System & Audit Tables

These tables are used internally by the IDhub platform to manage data ingestion, resolve conflicts, and maintain an audit trail.

erDiagram
    identity_resolutions {
        int resolution_id PK
        varchar local_subject_id
        varchar matched_gsid FK
        varchar action
    }
    data_change_audit {
        int id PK
        varchar table_name
        jsonb record_key
        jsonb changes
    }
    fragment_resolutions {
        int resolution_id PK
        varchar batch_id
        varchar table_name
        varchar load_status
    }
    conflict_resolutions {
        int id PK
        varchar batch_id
        varchar local_subject_id
        varchar resolution_action
    }
    subjects {
        varchar matched_gsid PK
    }
    identity_resolutions }|--|| subjects : "resolves to"
  • identity_resolutions: Logs every attempt to resolve a local ID to a GSID, including conflicts.

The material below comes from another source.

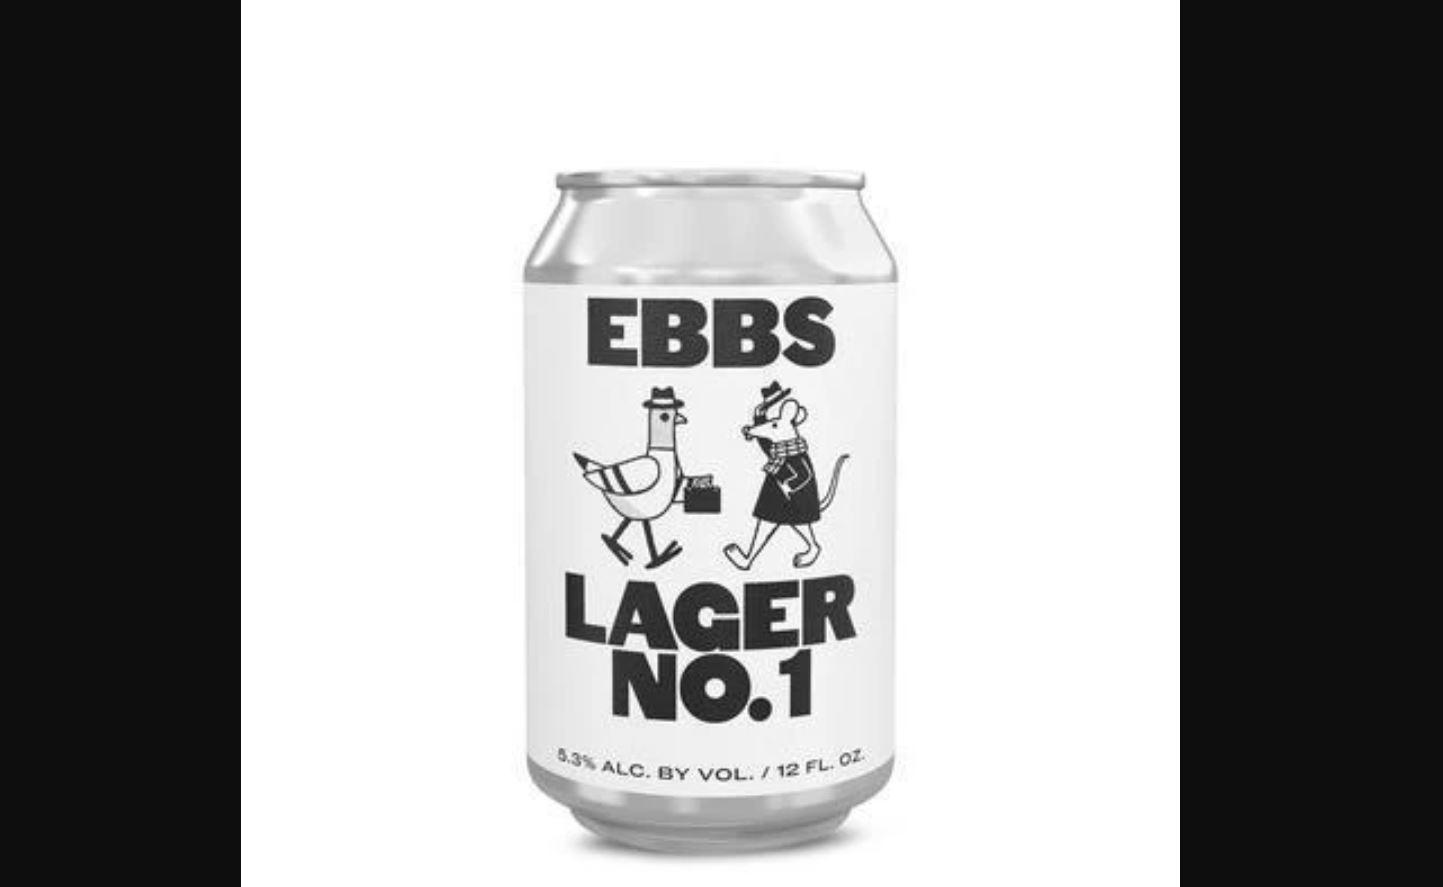 Ebbs Lager No. 3

  • conflict_resolutions: Tracks data conflicts (e.g., center_mismatch) that require manual review.
  • fragment_resolutions: Tracks the status of each data file (fragment) loaded into the system.
  • data_change_audit: Logs every single INSERT and UPDATE operation, providing a complete history of data changes.
  • sample_resolutions: Tracks the resolution of sample IDs to subjects.